Titus was more than pleased with their awe and wonder at the underground world. But he wasn’t satisfied yet. Bobbie Ray refused to acknowledge the effort it took to climb down so far, and he even scaled the wall bare‑handed to get the tip of a crystal‑clear stalactite for Jayme. Her glance at Titus clearly said who she thought was winning this little contest of skills.
Titus took them up a high talus mound and into the next cavern, where flowstone coated the cave fill, narrowing the volume of the void. This cavern was filled with fallen ceiling blocks and most of the stalagmites had been broken off near the base by earth tremors. Additional seepage gave them an unusually fat, short appearance.
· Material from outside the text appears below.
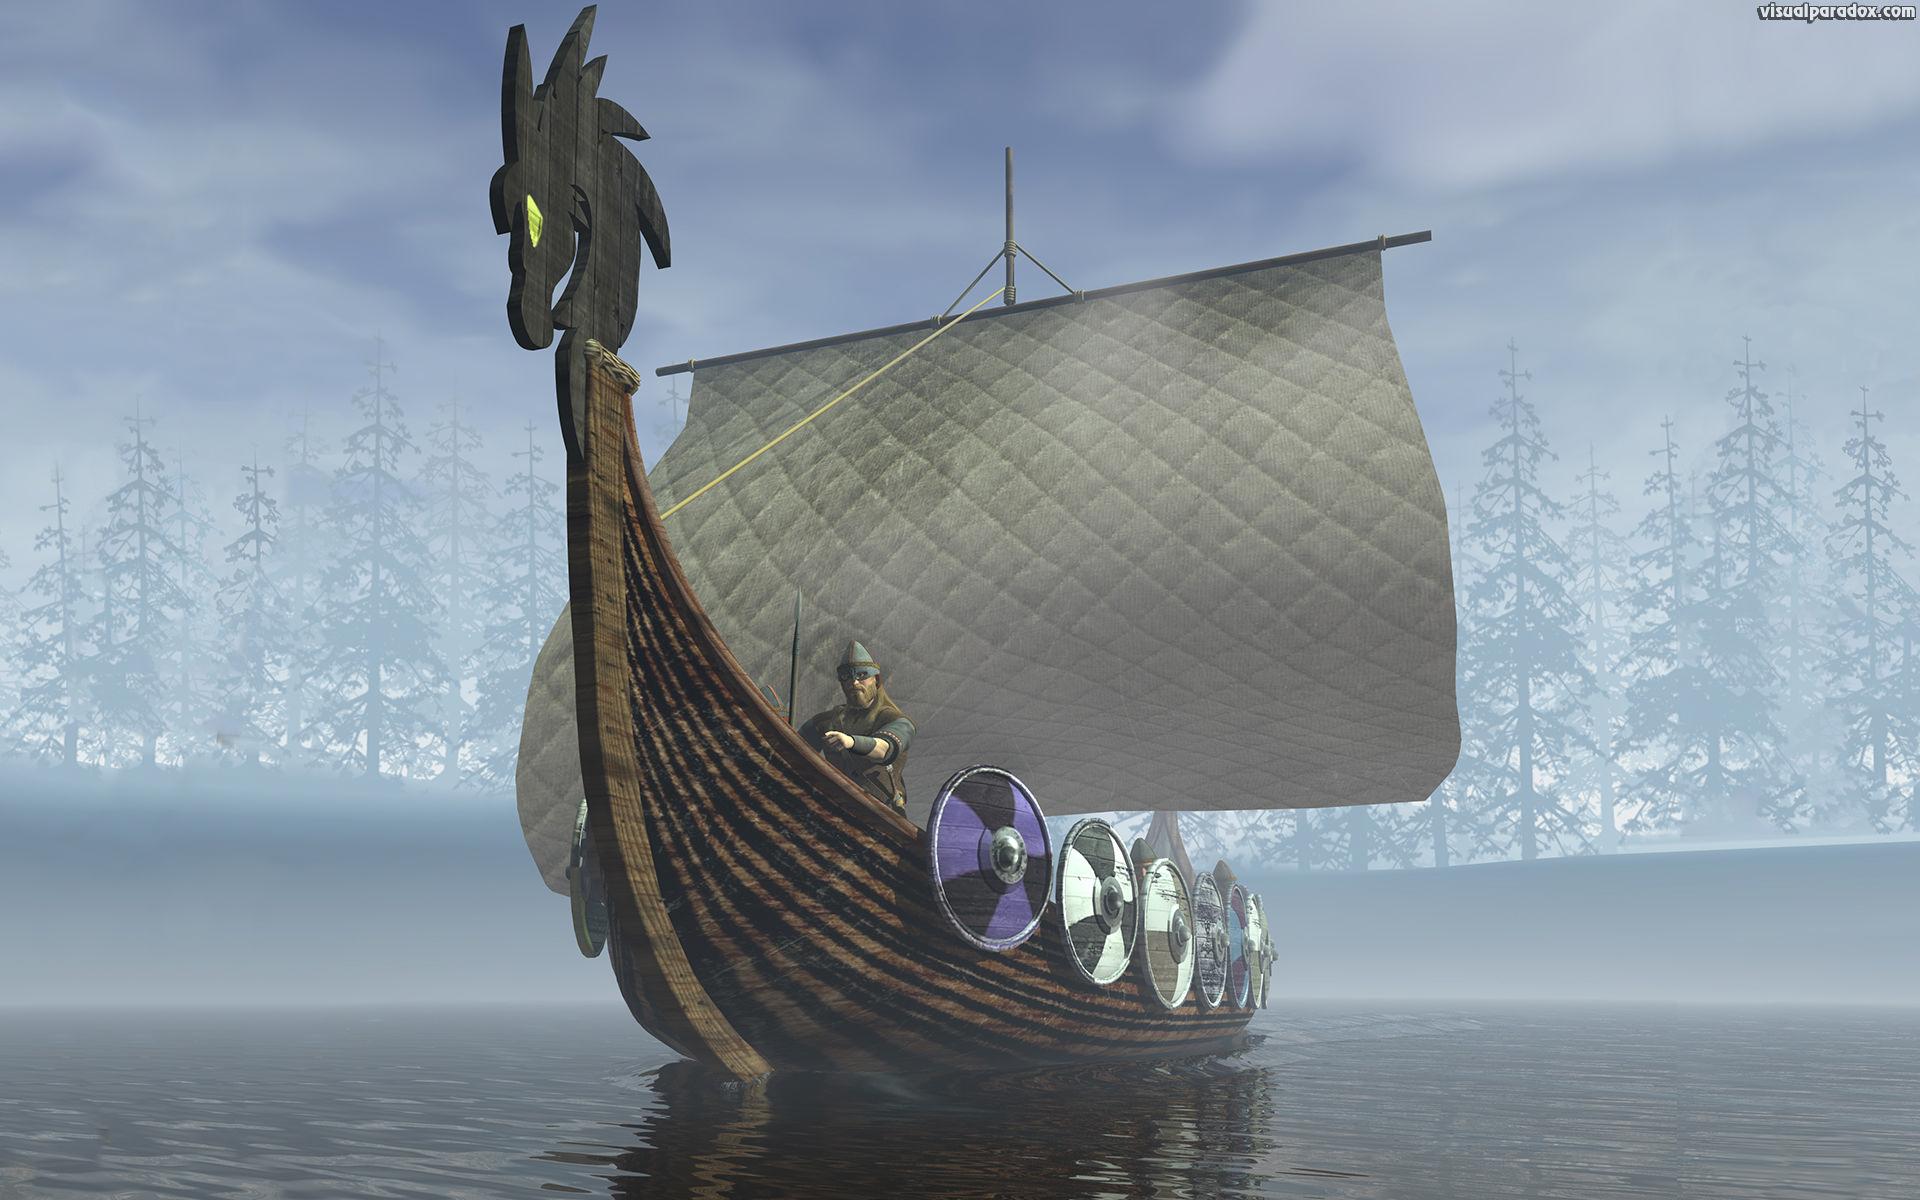 Paradox 3D Wallpaper Viking Ship 1920x1200 size wallpaper 1920x1200

They retreated back to the shaft. Though the ladder left off, the fractured hole continued down. Titus uncoiled the rope he had brought and hooked it onto his belt. The other two followed him without a word of complaint.
A couple of dozen meters down the shaft narrowed, too small for them to go any further, but another fracture led east, fairly horizontal, following the path of the caverns far above them. Water coated the walls and floor, and here Bobbie Ray had even more of an advantage with his surefooted agility. Titus and Jayme kept slipping, and once Titus would have fallen badly except for Bobbie Ray’s obliging hand.
After clambering carefully some distance through the tunnel, Titus noticed a fissure overhead only because he was looking for it. With the help of Bobbie Ray’s height and reach, they muscled their way up the fissure into another large cavern, in line with the other two they had already explored.
“It was cut off from the last cavern by the talus mound,” Titus explained nonchalantly as first Jayme, then Bobbie Ray, emerged through the jog in the fissure that led into this small cavern. They were slightly elevated above the floor.
Titus was pleased that he had guessed correctly. Jumping down, he felt the loose rock shift and slip under his feet. Jayme actually went down on her hands and knees, unable to keep her balance, while Bobbie Ray hung on to the stone lip they had just jumped over, staring up open mouthed at the dramatic low‑hanging ceiling that dripped continually. The fat drops sparkled like rainbow stars under their handlights.
Titus knelt and picked up some of the rocky debris on the floor. “Hey, these are cave pearls.”
“Real pearls?” Jayme asked, picking up a handful of the shiny white spheres. “They’re huge!”
“It’s calcified gravel and bits of stuff,” Titus clarified. “You don’t find them very often, usually only in unexplored caves. I wonder if we’re the first ones to find this place.”